RapidusとTenstorrentは2月27日、都内で記者説明会を開催し、2月9日に新エネルギー・産業技術総合開発機構(NEDO)の「ポスト5G 情報通信システム基盤強化研究開発事業/先端半導体製造技術の開発(委託)」として採択された「2nm世代半導体技術によるエッジAIアクセラレータの開発」の協業体制の説明を行った。
なぜ2nmプロセスでエッジAI半導体を製造するのか?
生成AIの登場で、一気にAIの活用に拍車がかかった昨今、その主たる半導体はGPUだが、その消費電力は膨大で、ある試算によると世界のデータセンターの電力消費量は2018年には180TWhであったものが、2030年には実に17倍増の2990TWhまで増加。しかも、その半数以上をAI関連が占めると予想されるという。

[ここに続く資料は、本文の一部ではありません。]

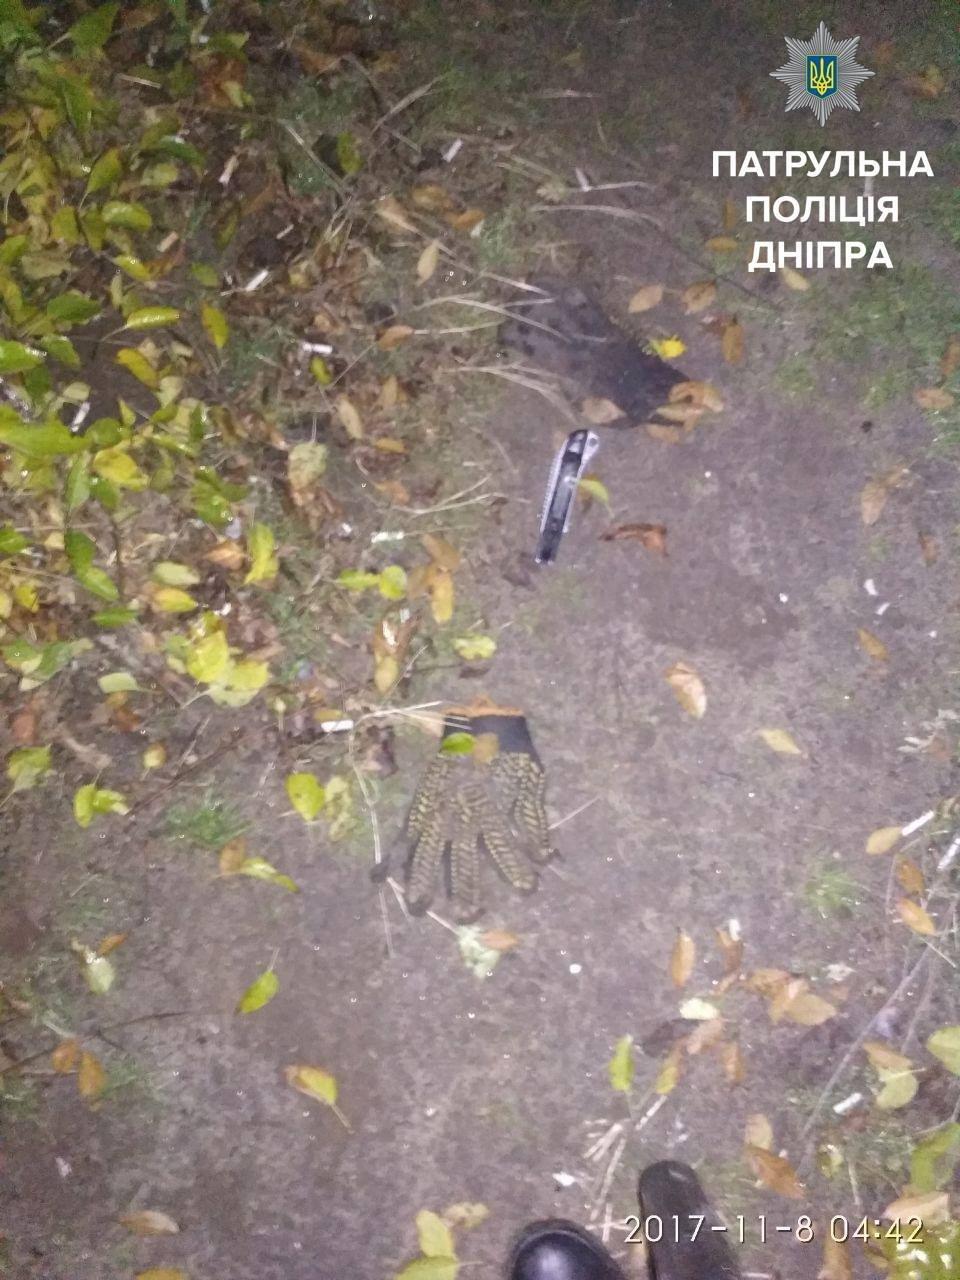 """Днепровские копы на """"горячем"""" поймали воров кабеля (ФОТО), фото-2"""
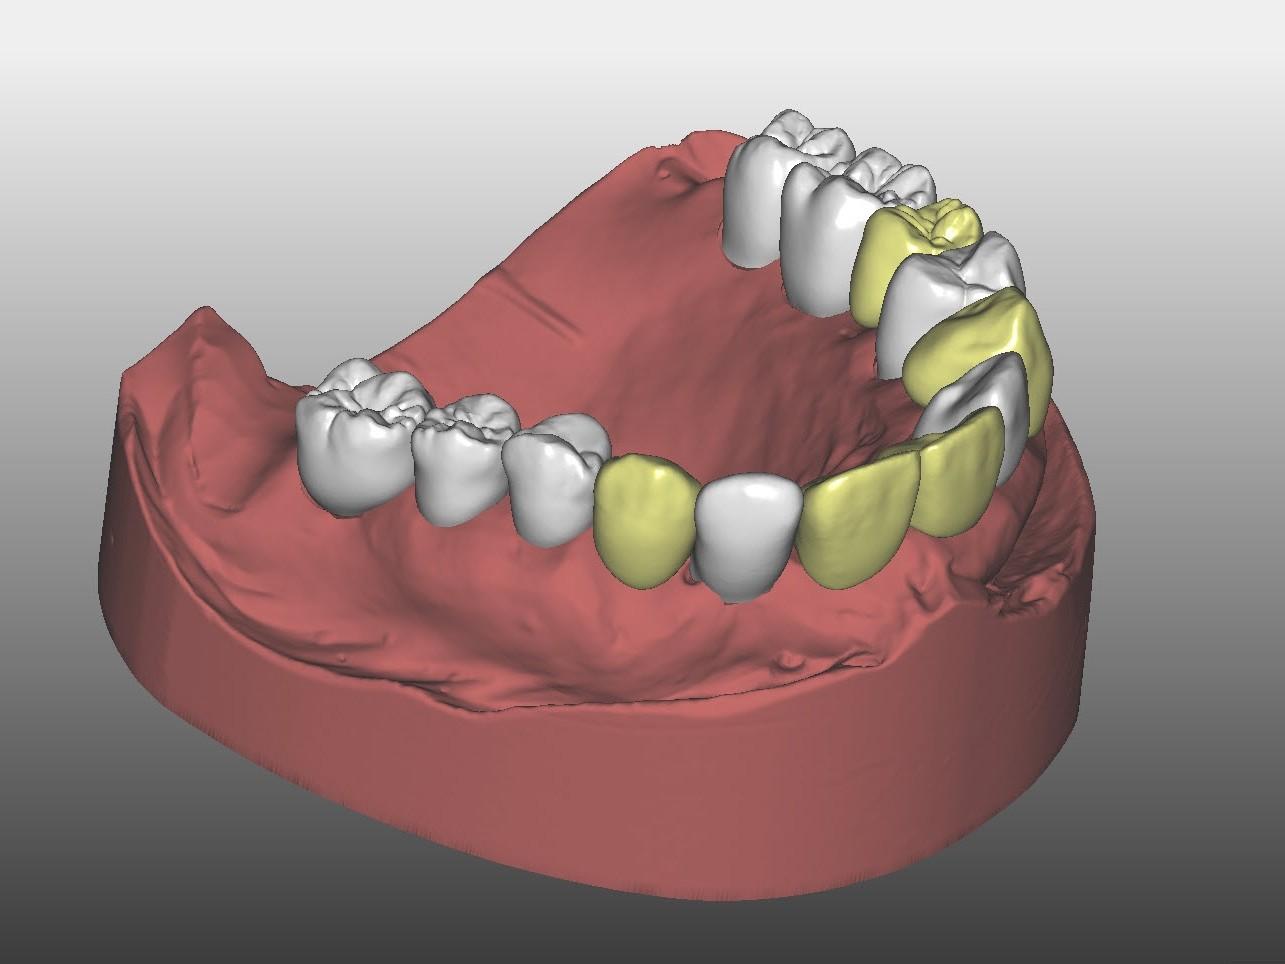 Abb. 9: Virtueller Zahnersatz

電子機器の消費電力低減として半導体業界が長年行ってきたのが、ムーアの法則のけん引役でもあるプロセスの微細化。近年の先端プロセスの場合、微細化だけで低消費電力化が実現できているわけではないが、それでもプロセスの微細化を可能とする周辺技術含めれば、未だに低消費電力化を可能とするトレンドとなっている。これは2nmプロセスでも変わりがなく、Rapidusの代表取締役社長である小池淳義氏は「90nmプロセス比で2nmプロセスでは同じAI半導体を3年間動作させた場合の電力コストを比較すると、実に1/102まで低減できることが見込まれている」と説明する。また、ロジック半導体の性格として、汎用的なデバイス(CPUやGPUなど)よりも、ある処理機能に特化したデバイス(ASICなど)の方が余分な回路がない分、低消費電力での動作が可能である。小池氏は、「さらなる低消費電力を実現しつつ、高性能化も実現するためには、それぞれの用途に応じた専用AI半導体を短TAT(Turn Around Time)」で製造し、必要なタイミングに届けることが求められる。その実現のためにRapidusは、設計ソリューション、前工程、後工程を総合的にまとめることで世界最短のトータルサイクルタイムの実現を目指している」として、これこそがRapidusの目指しているビジネスモデル「RUMS(Rapid & Unified Manufacturing Service)」であるとする。
顧客と製造の一体開発で開発・製造を加速
半導体がパッケージとなって出荷されるまでに、回路の設計に始まり、実際のダイにトランジスタと配線層の製造(前工程)、樹脂などを用いたパッケージング(後工程)を大きく経る必要があるが、一回で後工程を終えて、製品化にたどり着けない場合もある。そうなると、設計からやり直す必要がでてくるが、前工程で処理するだけでも回路の内容とプロセス次第なところもあるが、3~6か月、場合によっては9か月以上など、相応の時間がかかる。そうなってくると、顧客が売りたいときに半導体の供給が間に合わないという話になるし、実際に、あるデバイスの供給が間に合っておらず、最終製品の数が絞られるといった話は最近でもしばしば耳にする。
このTTM(Time to Market)の時間をいかに短くするかが、RapidusのRUMSが意識するところだと小池氏は強調する。では、その実現はどうやって行うのか。近年の半導体製造では、回路設計とプロセス技術の同時最適化に向けて、特に微細化としては「DTCO(Design Technology Co-Optimization)」が必要とされ、その手法として、「DFM(Design For Manufacturing)」が用いられてきた。Rapidusでは、そこにさらに一方踏み出して、オール枚葉処理(1枚ずつのウェハ処理)における各製造装置で取得できるウェハ1枚ずつのさまざまなデータを取得し、そのビッグデータを設計にフィードバックする「MFD(Manufacturing For Design)」を取り入れることで、設計と製造を同時に最適化する「DMCO(Design Manufacturing Co-Optimization)」を目指すとしている。
この製造ビッグデータのフィードフォワード、フィードバックを設計、前工程、後工程でシームレスに連携させることで、トータルサイクルタイムの短縮を狙おうというのがファウンドリとして同社が狙っているもので、その実現には、半導体の仕様策定や回路設計を行う顧客と密に連携することが求められるほか、各種IPのベンダ、設計に必要なEDAベンダ、回路設計を支援するデザインハウス、実プロセス/デバイスの研究開発部隊、そしてその製造に用いられる製造装置や材料メーカーとの密な連携も求められることとなる。